Study on the Composition and Content of Anthocyanins during the Ripening of Cabernet Sauvignon Grape in Yili Area, Xinjiang
ZHANG Zhen-zhen,DENG Yu-jie,CHEN Xin-jun,LU Pi-chao,LIU Ru-jing,GUlI-Nazi and YUAN Hao. Study on the Composition and Content of Anthocyanins during the Ripening of Cabernet Sauvignon Grape in Yili Area, Xinjiang[J]. Modern Food Science & Technology, 2018, 34(2): 20-24
Authors:ZHANG Zhen-zhen  DENG Yu-jie  CHEN Xin-jun  LU Pi-chao  LIU Ru-jing  GUlI-Nazi  YUAN Hao
Affiliation:(1.College of Food Science and Pharmacy, Xinjiang Agricultural University, Urumqi 830052, China),(1.College of Food Science and Pharmacy, Xinjiang Agricultural University, Urumqi 830052, China),(2.CITIC Guoan Wine Co., Ltd., Manasi 832200, China),(2.CITIC Guoan Wine Co., Ltd., Manasi 832200, China),(1.College of Food Science and Pharmacy, Xinjiang Agricultural University, Urumqi 830052, China),(1.College of Food Science and Pharmacy, Xinjiang Agricultural University, Urumqi 830052, China) and (1.College of Food Science and Pharmacy, Xinjiang Agricultural University, Urumqi 830052, China)

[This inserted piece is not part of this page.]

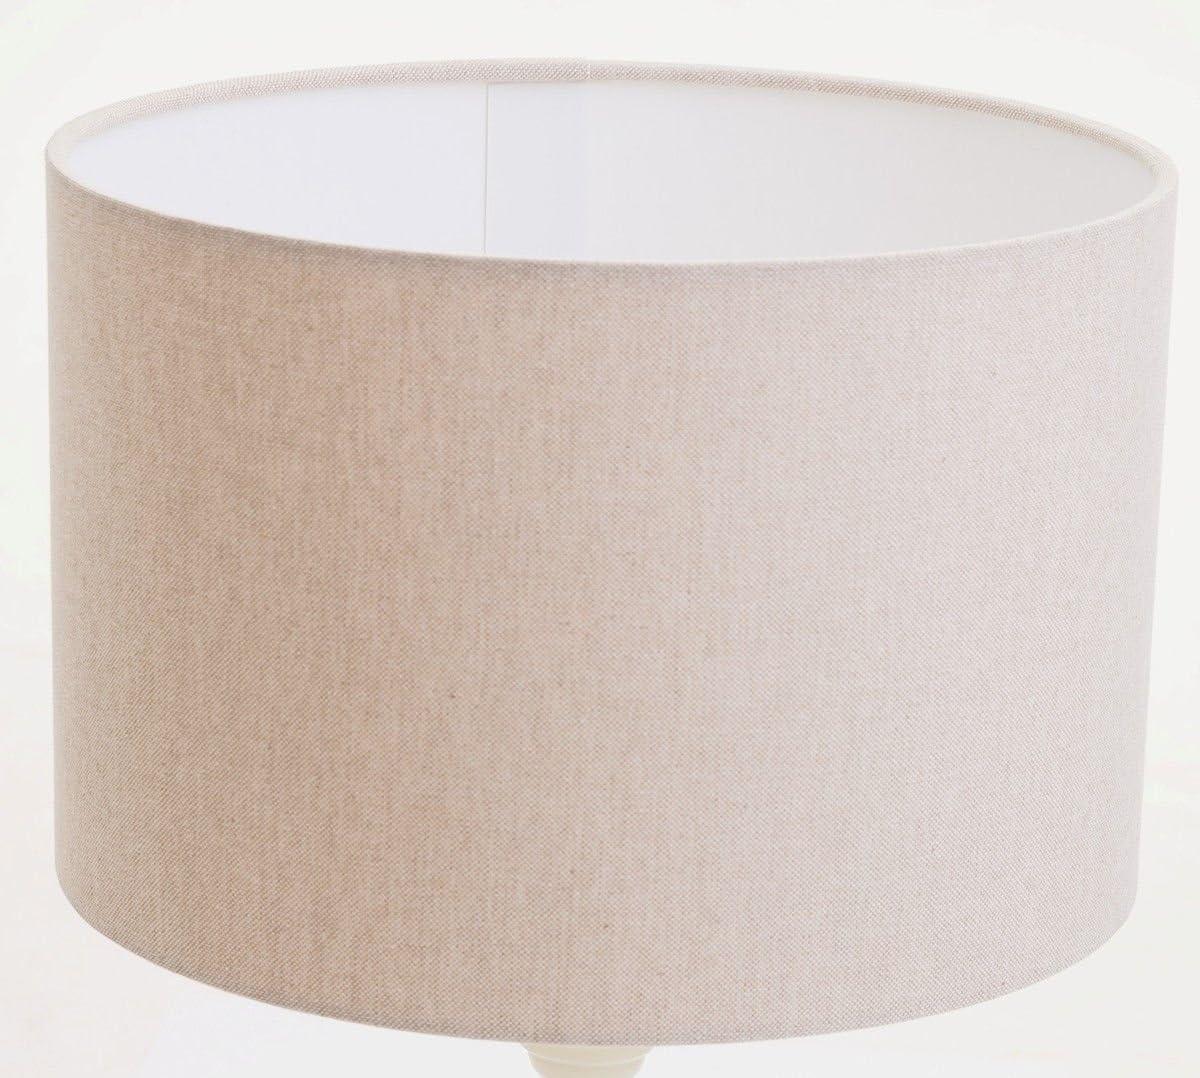 16 (40cm) Cream Linen Look Lamp Shade

Abstract:The Cabernet Sauvignon grapes from Yili area were used as the raw materials to analyze the composition and content of anthocyanins during the whole growth and development in 2016 by using liquid chromatography-mass spectrometry (HPLC-MS) in this experiment. The proportion changes of different types of anthocyanins in different stages of grape ripening were analyzed. The results showed that the anthocyanins in grape fruit in Yili area were mainly in the form of methoxylation, and the proportion of methoxy anthocyanin tototal anthocyanin changed little during the maturation of grape. 3''5''-Substituted anthocyanins were the main anthocyanins during the grape fruit ripening in both regions, accounting for more than 70% of the total anthocyanins. The proportion of 3''-substituted anthocyanins to total anthocyanins decreased when the anthocyanins accumulated to the maximum in the grape peel, and the porprotion of acetylated anthocyanins and coumarylated anthocyanins to the total anthocyanins varied during in the ripening of grape fruit. The content of anthocyanins in Yili area showed a decreasing trend during the growth and development of the grape, and the proportion of glycosides to the total anthocyanins showed riregular changes in thegrowth and development of the grape in Yili area.